Hatta hikayenin tamamı bu değildi. Bu noktaya gelindiğinde, daha fazla siber suç kuruluşu ve en az üç farklı ülkeye ait istihbarat teşkilatları, yıllardır Yahoo’nun BT sistemlerinde başıboş dolaşıyordu.
200 milyon Yahoo hesabı Dark Web’de satışa sunuldu. Kaynak: Anakart Yardımcısı
Yahoo’nun eşi benzeri görülmemiş güvenlik başarısızlıkları, siber güvenlik sektörü için bir uyandırma çağrısı işlevi görmüş olabilir.
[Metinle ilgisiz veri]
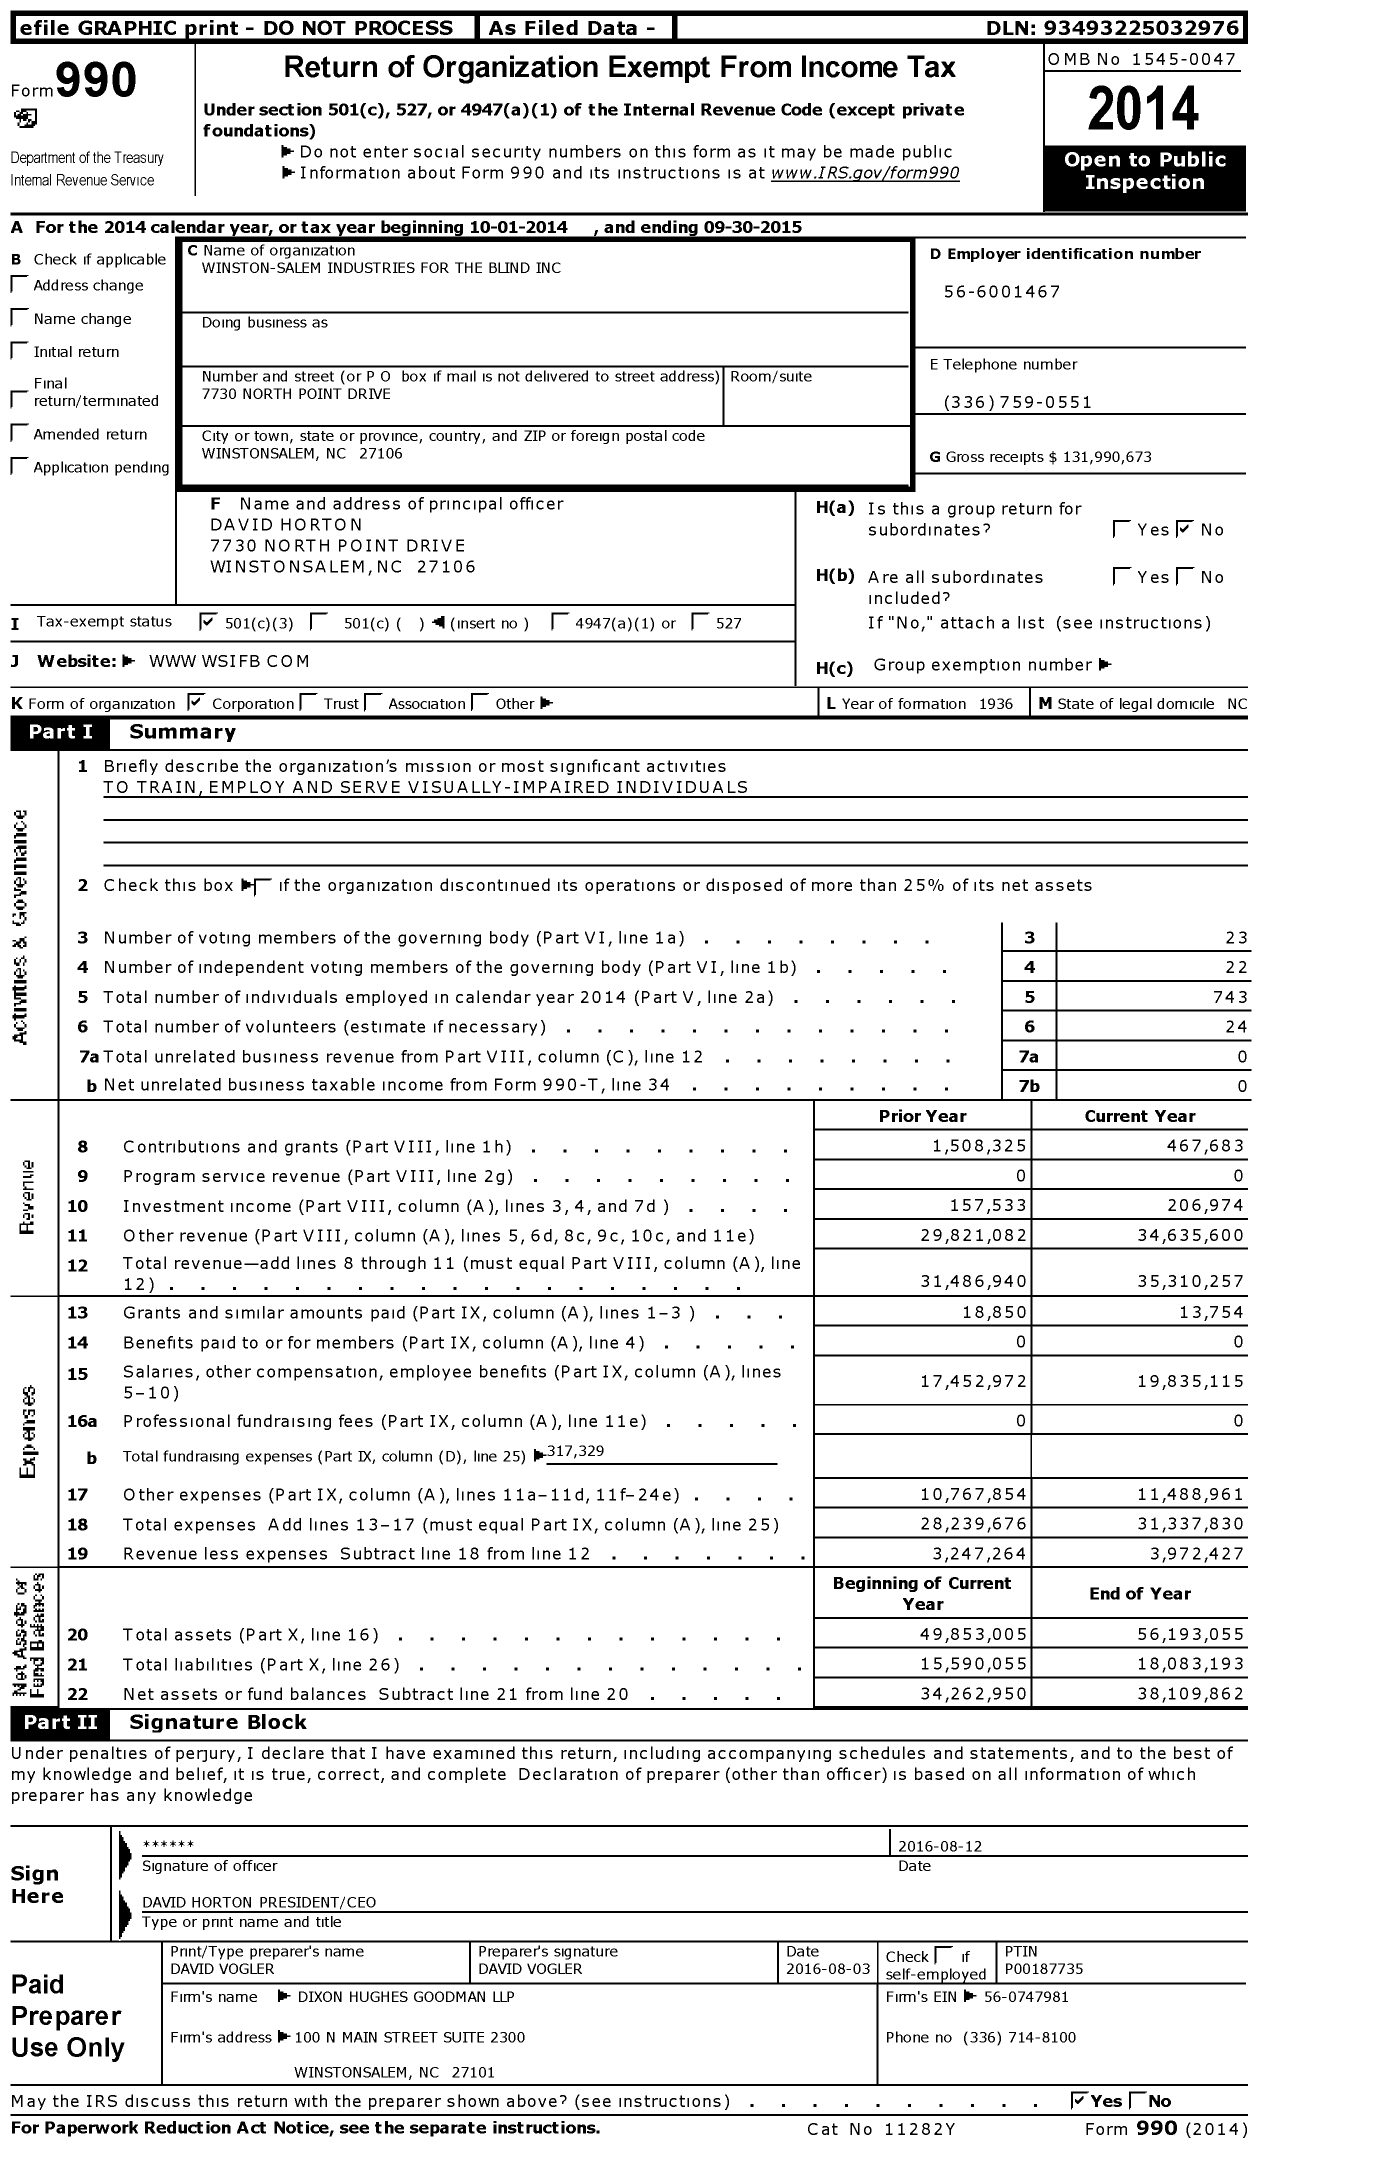 Image of first page of 2014 Form 990 for Ifb Solutions (IFB)

Bunun yerine uzmanlar, bu olayları mümkün kılan temel sorunların 2024’ün internetinde hala mevcut olduğu konusunda uyarıyor.
Kriz sırasında Yahoo’ya yardım etmesi istenen ancak bunu reddeden Gigamon STK’sı Chaim Mazal’ı şöyle hatırlıyor: “Sektörde bu ihlali ve ardından gelen açıklamaları gerçek zamanlı olarak görecek kadar uzun süre çalışmış biri olarak, ne kadar zaman harcadığını düşünmek şaşırtıcı. O zamandan beri ne kadar çok yol geçti ve sektör olarak ne kadar az ilerleme kaydettik.”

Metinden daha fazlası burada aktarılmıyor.